# Word Wrap Is Broken in the Standard Editor



## Blowgun (May 23, 2008)

I use the Standard editor to compose a post and this has worked well until recently. Now as text exceeds the width of the editor window, instead of wrapping the text to the next line, the text continues off to the right and produces a scroll bar at the bottom of the editor window. Essentially, creating one long line of text. It appears that word wrap is broken in the standard editor.

Anyone else experiencing this issue?


----------



## makaiguy (Sep 24, 2007)

Well, let's see. What happens if I type in one long line? .... hmmm, still typing, and typing,and typing,and typing,and typing,and typing,and typing,and typing,

Nope, wraps just fine here.


----------



## James Long (Apr 17, 2003)

Operating System? Browser? Theme used on this board? Are you having problems on other sites with text blocks?

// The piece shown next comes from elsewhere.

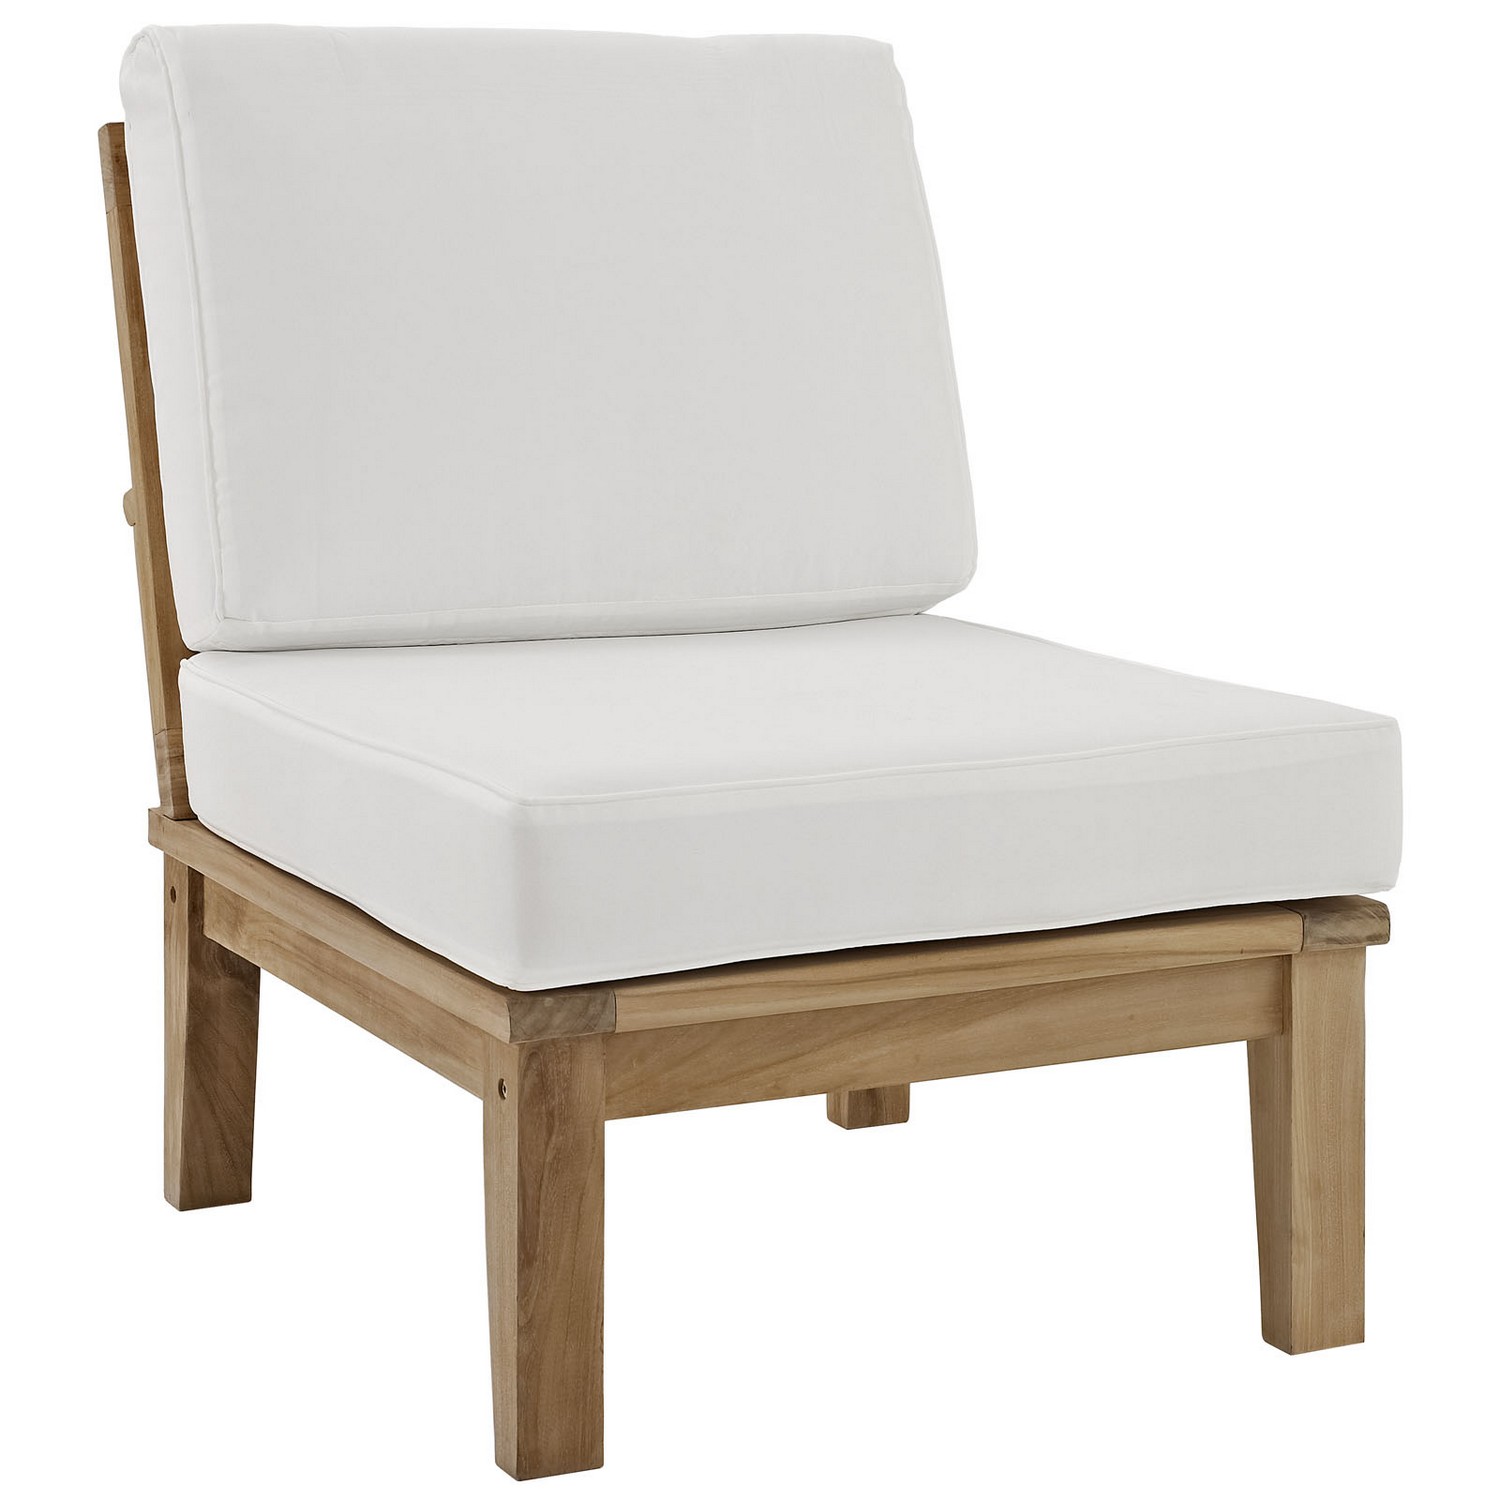 Modway Marina 9 Piece Outdoor Patio Teak Sofa Set - Natural White

Did it wrap before? When did it stop wrapping?


----------



## longrider (Apr 21, 2007)

I see what the OP is seeing, When using the default WYSIWYG editor the text wraps like it should but it you switch to the plain text editor there is no wrap. Once you have enough text you can switch back and forth between the two editors and the text will wrap and unwrap. This is with the default theme in Firefox


----------



## Blowgun (May 23, 2008)

makaiguy said:


> Well, let's see. What happens if I type in one long line? .... hmmm, still typing, and typing,and typing,and typing,and typing,and typing,and typing,and typing,
> 
> Nope, wraps just fine here.


And, that was using the standard editor and NOT the WYSIWYG editor, correct?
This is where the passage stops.